5 Ways to Prepare Yourself for University

High school can be a stressful time for many reasons. Getting everything done so you can graduate, researching career options, finding the right school — there's a lot to do. To ensure you're prepared to succeed in university or college, there's a few things you can do while you're still in high school.

Learn to manage your time

Post-secondary schools give a lot more work and require a lot more focus than high school. It's best to learn how to manage your time now instead of facing the consequences later. You can do that by making a schedule for yourself so you don't go off task. You can also schedule breaks and downtimes in the same way to avoid procrastination.

A good way to get some practice in before the fall is to work a summer job, or consider getting some experience by volunteering your time to a good cause.

Keep your options open

When applying to university you might want to think about studying different subjects. Unless you 100% know what you are going to do when you are older, there is no shame in still exploring your options even in university. According to Ohio State University, 50 to 75% of all undergraduate students change majors (pdf) at least one time before earning a degree.

When choosing the right program of study, take some time to think about your interests and goals — but don't stress, because there's always time to change course later.

Build your resumé

Employers and universities look for a good resumé so you should keep your resumé up to date, but include only relevant information, like your skills, work, and volunteer experience. This can give you a higher chance of getting a good job and getting into a good university.

Get organized

University is a big jump from high school and you have to prepare hard for it. If you are planning to live on campus, the best thing to do is to plan out what you are going to need and then go shopping for it ahead of time. You might also need to open a bank account for yourself so you can start learning how to manage your own money and actually think about what you are spending your money on.

Budgeting will also help you plan for finding scholarships and researching student loans.


Start talking to people in the same field as you want to be in.

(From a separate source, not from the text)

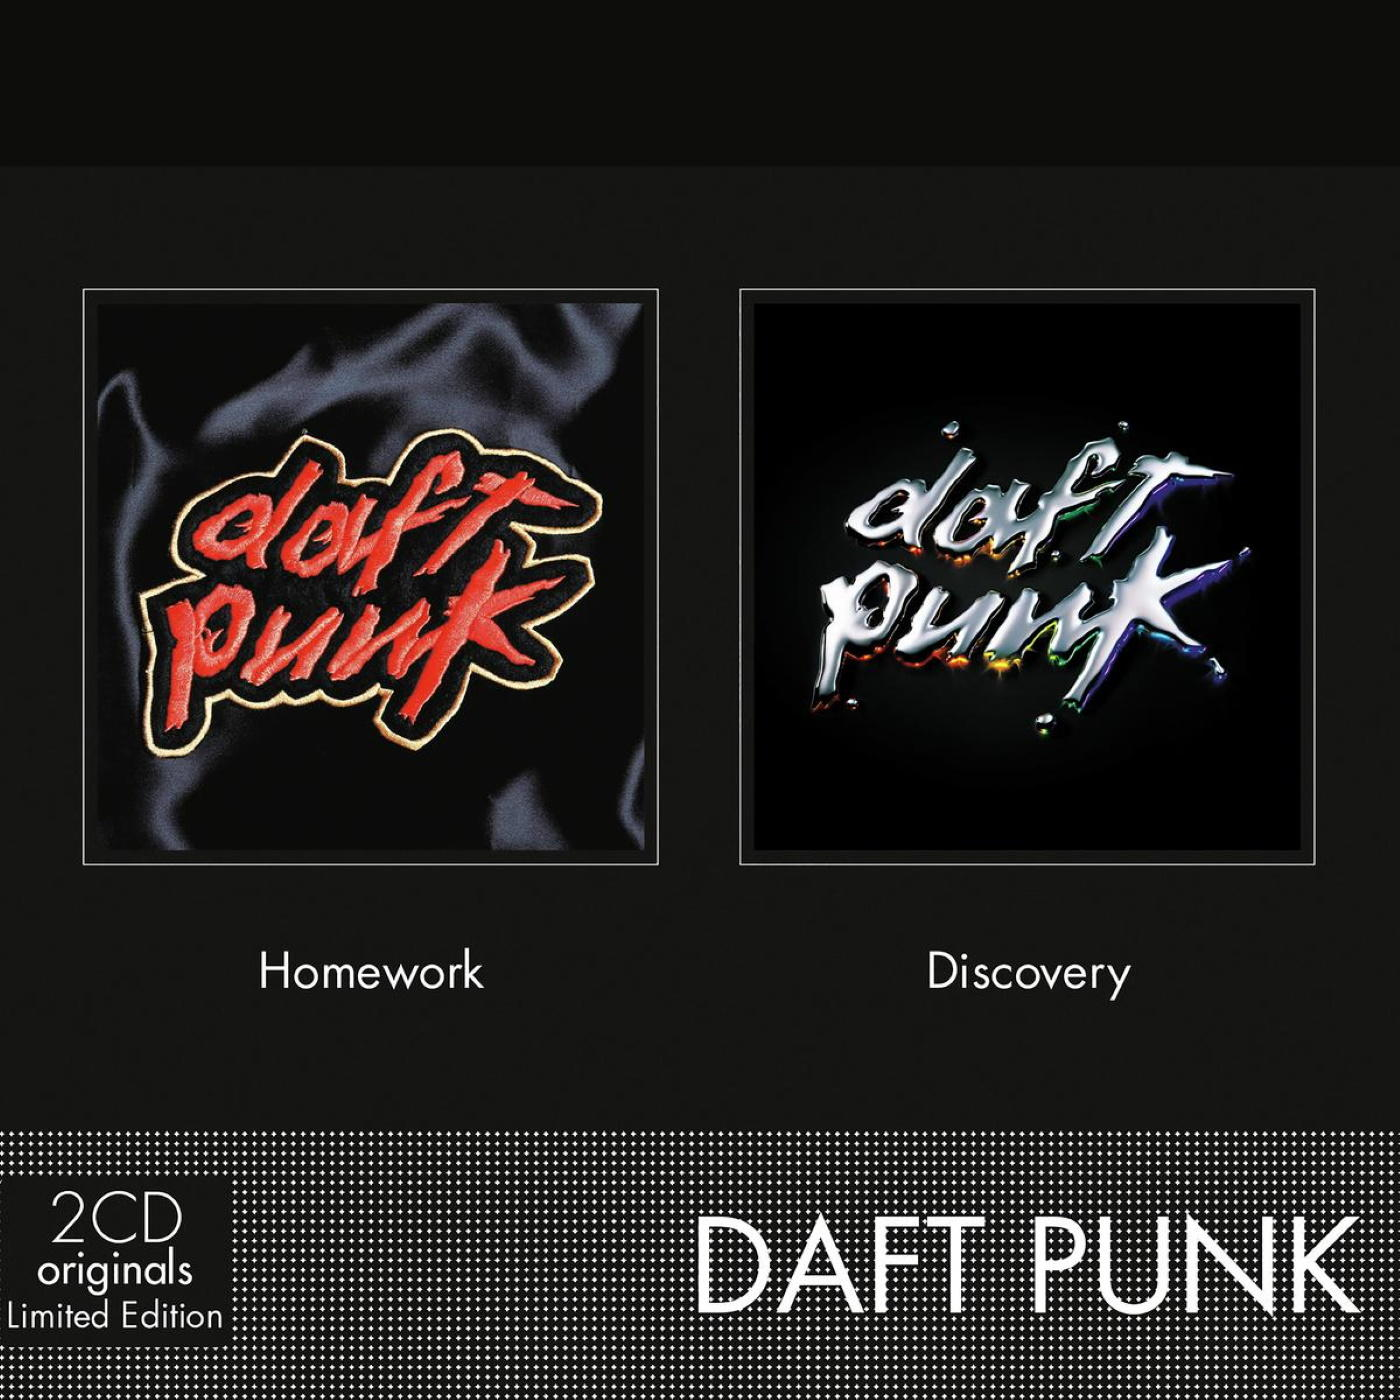 - - (CD) Punk Daft Homework/Discovery

This can help you learn more about what to expect in the real world and can even set you up for internships, co-op opportunities, and a full time job.

Don't stop there, though: get in touch with the schools that interest you, find current students to chat with, and get active on social media to meet people with similar interests.

By learning to manage your time, keeping your options open, building your resumé, getting organized, and networking, the big jump from high school to university won't be as big as it seems.

Good luck on your post-secondary journey!